Work required
Only a slice of the listing below is wanted. Retype the lines from the one containing "adidas pink bag" through the one containing "Piaget Men's Vintage", exactly, both ends included.

Material provided
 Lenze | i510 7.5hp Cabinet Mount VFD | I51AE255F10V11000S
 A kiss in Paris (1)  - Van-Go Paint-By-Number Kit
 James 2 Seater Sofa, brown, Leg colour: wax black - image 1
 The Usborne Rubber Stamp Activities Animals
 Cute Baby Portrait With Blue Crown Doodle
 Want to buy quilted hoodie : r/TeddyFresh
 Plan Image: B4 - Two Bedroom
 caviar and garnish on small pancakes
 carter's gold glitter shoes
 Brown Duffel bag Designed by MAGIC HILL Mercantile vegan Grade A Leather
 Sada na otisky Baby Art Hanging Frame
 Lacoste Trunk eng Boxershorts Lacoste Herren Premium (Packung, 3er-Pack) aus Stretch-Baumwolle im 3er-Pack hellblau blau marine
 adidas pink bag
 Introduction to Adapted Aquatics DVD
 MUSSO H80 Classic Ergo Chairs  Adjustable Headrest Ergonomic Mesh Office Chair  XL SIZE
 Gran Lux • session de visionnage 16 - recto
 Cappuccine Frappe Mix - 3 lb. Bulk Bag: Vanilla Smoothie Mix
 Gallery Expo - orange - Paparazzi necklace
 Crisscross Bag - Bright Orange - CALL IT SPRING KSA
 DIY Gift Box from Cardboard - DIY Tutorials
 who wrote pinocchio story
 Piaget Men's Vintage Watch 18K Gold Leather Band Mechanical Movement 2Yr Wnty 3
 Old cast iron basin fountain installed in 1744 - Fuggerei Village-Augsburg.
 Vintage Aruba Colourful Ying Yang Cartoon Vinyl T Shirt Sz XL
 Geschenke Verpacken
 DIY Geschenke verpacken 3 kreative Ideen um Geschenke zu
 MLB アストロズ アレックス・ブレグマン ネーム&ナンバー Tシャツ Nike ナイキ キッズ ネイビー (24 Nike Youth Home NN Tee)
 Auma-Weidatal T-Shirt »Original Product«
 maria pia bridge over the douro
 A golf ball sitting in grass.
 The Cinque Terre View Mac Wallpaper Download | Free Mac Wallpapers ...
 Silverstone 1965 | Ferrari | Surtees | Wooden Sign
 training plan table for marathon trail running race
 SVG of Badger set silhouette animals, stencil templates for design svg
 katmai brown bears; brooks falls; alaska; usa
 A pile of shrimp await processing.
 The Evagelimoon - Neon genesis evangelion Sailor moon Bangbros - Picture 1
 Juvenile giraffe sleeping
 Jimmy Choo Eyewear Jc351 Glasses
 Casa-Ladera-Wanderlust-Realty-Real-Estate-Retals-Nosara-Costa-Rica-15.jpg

Your response
 adidas pink bag
 Introduction to Adapted Aquatics DVD
 MUSSO H80 Classic Ergo Chairs  Adjustable Headrest Ergonomic Mesh Office Chair  XL SIZE
 Gran Lux • session de visionnage 16 - recto
 Cappuccine Frappe Mix - 3 lb. Bulk Bag: Vanilla Smoothie Mix
 Gallery Expo - orange - Paparazzi necklace
 Crisscross Bag - Bright Orange - CALL IT SPRING KSA
 DIY Gift Box from Cardboard - DIY Tutorials
 who wrote pinocchio story
 Piaget Men's Vintage Watch 18K Gold Leather Band Mechanical Movement 2Yr Wnty 3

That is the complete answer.